We would love to. We are available possibly the 9/23, and then 10/21 and then 11/11. Unfortunately, we will be out of town with daughter's travel soccer team the other weekends. If any of those dates work, we are certainly up for it. I have never been to Douthat. Would love to try it. Claytor Lake is fine too.

Roanoke Campers


----------



## Highlander96 (Mar 1, 2005)

Todd....

Now you are tempting me with Claytor Lake.....Homecomig in Radford is October 13,14,15......I have been trying to talk Michelle into going.

I'll be watching this....

Happy Outbacking!

Tim


----------



## roanokecampers (Jul 31, 2006)

Unfortunately the DH will be in Dallas at a Cowboys game that weekend and there is no way I can pull the trailer by myself and he would absolutely hate to miss it. It is so tought coordinating schedules. You can never please everyone.
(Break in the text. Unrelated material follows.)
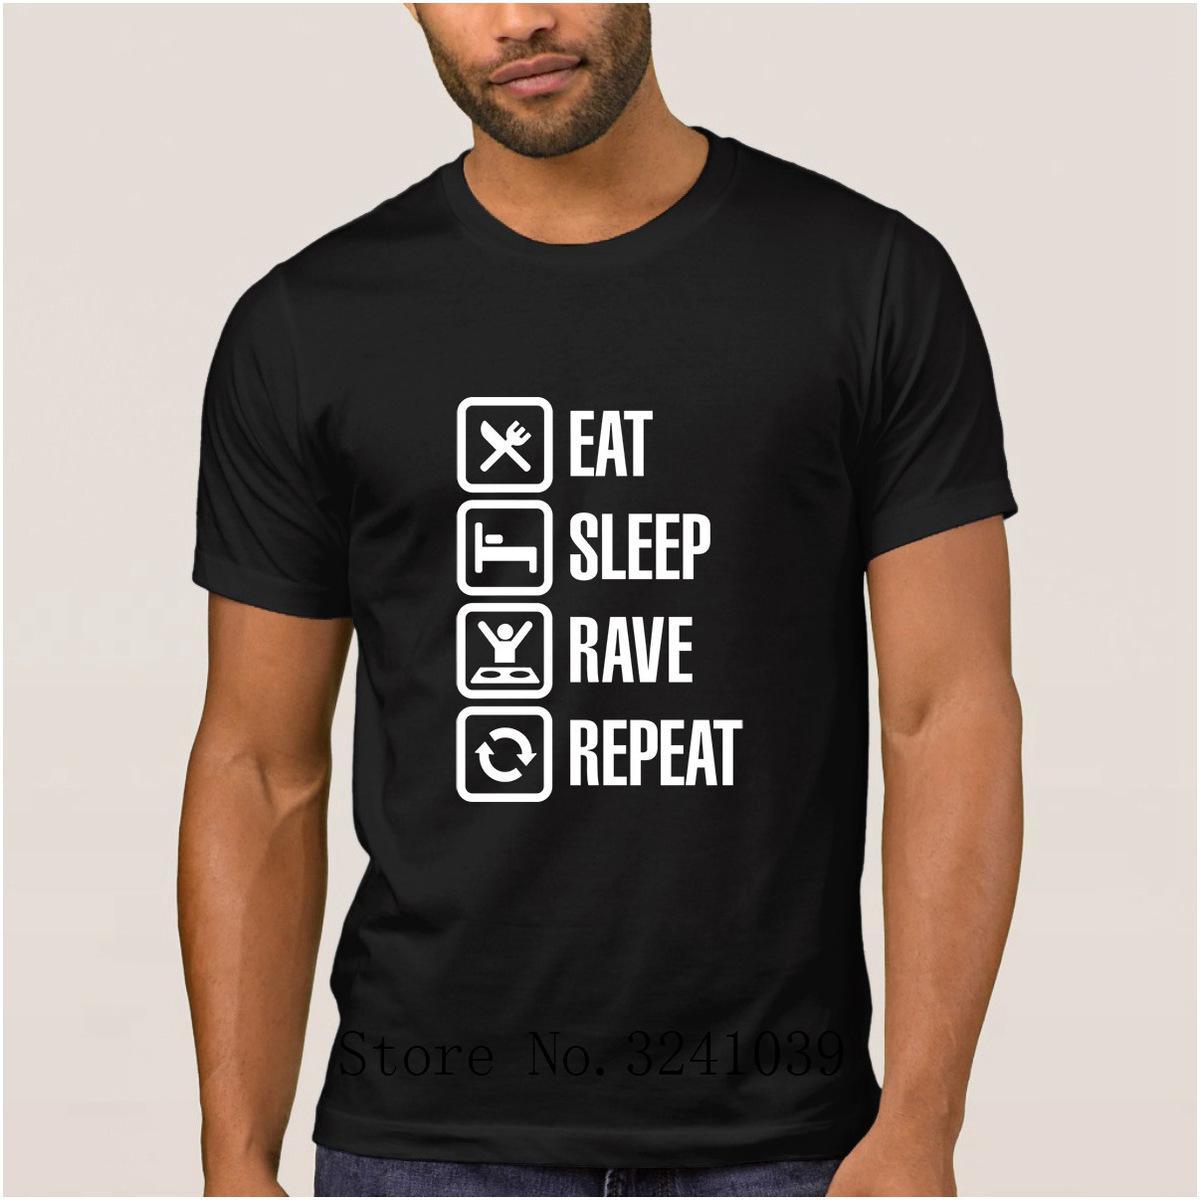 La Maxpa Character fashion eat sleep rave repeat men t shirt summer Free Shipping t-shirt Leisure tee shirt Short Sleeve hip hop

If this does not work out for us, then we can plan another.

Roanoke Campers


----------



## Highlander96 (Mar 1, 2005)

roanokecampers said:


> Unfortunately the DH will be in Dallas at a Cowboys game that weekend and there is no way I can pull the trailer by myself and he would absolutely hate to miss it. It is so tought coordinating schedules. You can never please everyone.
> 
> 
> 
> ...


I would love to come home......IT just isn't going to work for us now. WIsh I could make it down. I love Claytor.....

Happy Outbacking!

Tim


----------



## Hokie (Jul 10, 2006)

Katrina said:


> Hey all,
> 
> 
> 
> ...


You ever been to "Breaks Interstate park" on the KY/VA line?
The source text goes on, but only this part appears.